Generalized Linear Models

LinearRegression([penalty, dual, tol, C, …]) Esimator for linear_regression.
LogisticRegression([penalty, dual, tol, C, …]) Esimator for logistic_regression.
PoissonRegression([penalty, dual, tol, C, …]) Esimator for poisson_regression.

Generalized linear models are a broad class of commonly used models. These implementations scale well out to large datasets either on a single machine or distributed cluster. They can be powered by a variety of optimization algorithms and use a variety of regularizers.

These follow the scikit-learn estimator API, and so can be dropped into existing routines like grid search and pipelines, but are implemented externally with new, scalable algorithms and so can consume distributed dask arrays and dataframes rather than just single-machine NumPy and Pandas arrays and dataframes.

Example

In [1]: from dask_ml.linear_model import LogisticRegression

In [2]: from dask_ml.datasets import make_classification

In [3]: X, y = make_classification(chunks=50)

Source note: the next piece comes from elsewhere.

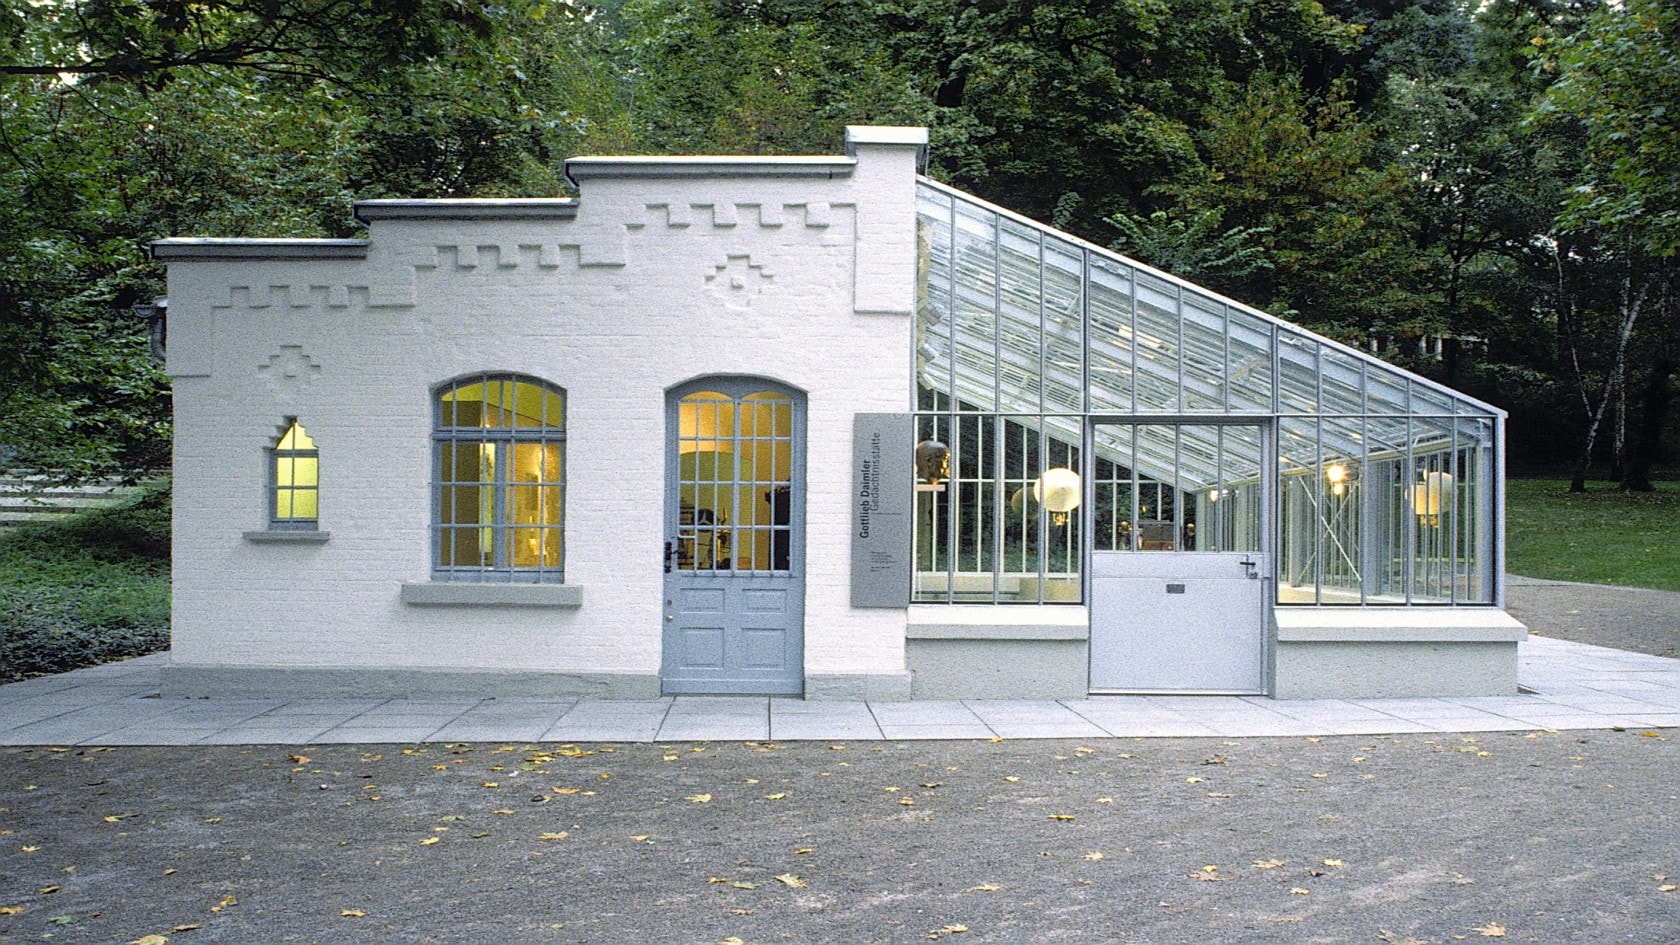 Gottlieb-Daimler-Gedächtnisstätte in Bad Cannstatt (die rekonstruierte Versuchswerkstatt Gottlieb Daimlers). Hier wurde der erste leichte, schnelllaufende Fahrzeugmotor der Welt geschaffen. Im Jahr 1984 wurde das Gartenhaus restauriert und der Öffentlichkeit zugänglich gemacht.
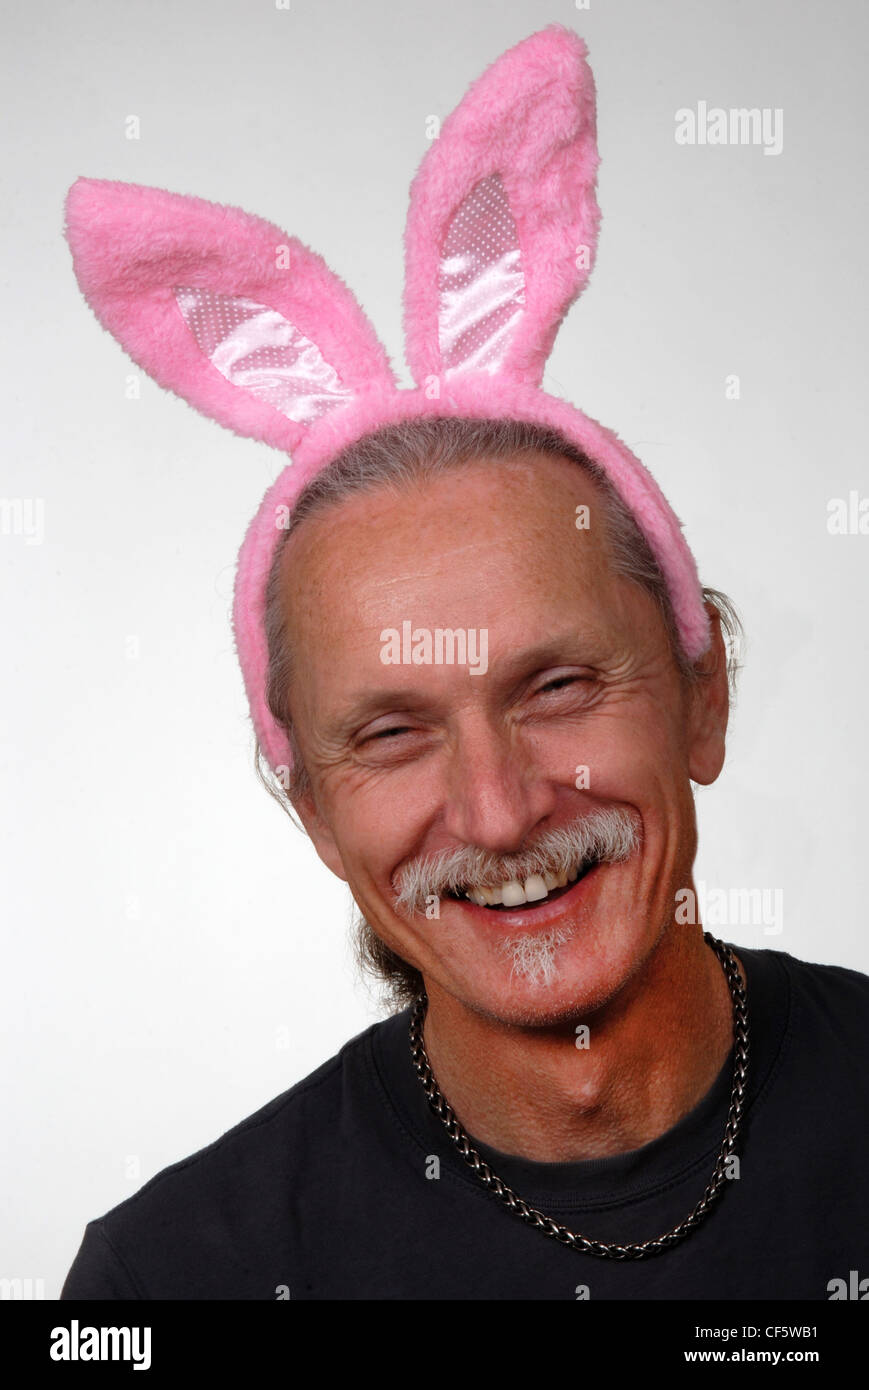 Laughing hombre vestido con orejas de conejo rosa. Aislado en blanco. Foto de stock

In [4]: lr = LogisticRegression()

In [5]: lr.fit(X, y)
Out[5]: 
LogisticRegression(C=1.0, class_weight=None, dual=False, fit_intercept=True,
          intercept_scaling=1.0, max_iter=100, multiclass='ovr', n_jobs=1,
          penalty='l2', random_state=None, solver='admm',
          solver_kwargs=None, tol=0.0001, verbose=0, warm_start=False)

Algorithms

admm(X, y[, regularizer, lamduh, rho, …]) Alternating Direction Method of Multipliers
gradient_descent(X, y[, max_iter, tol, family]) Michael Grant’s implementation of Gradient Descent.
lbfgs(X, y[, regularizer, lamduh, max_iter, …]) L-BFGS solver using scipy.optimize implementation
newton(X, y[, max_iter, tol, family]) Newtons Method for Logistic Regression.
proximal_grad(X, y[, regularizer, lamduh, …])
Parameters:

Regularizers

ElasticNet([weight]) Elastic net regularization.
L1 L1 regularization.
L2 L2 regularization.
Regularizer Abstract base class for regularization object.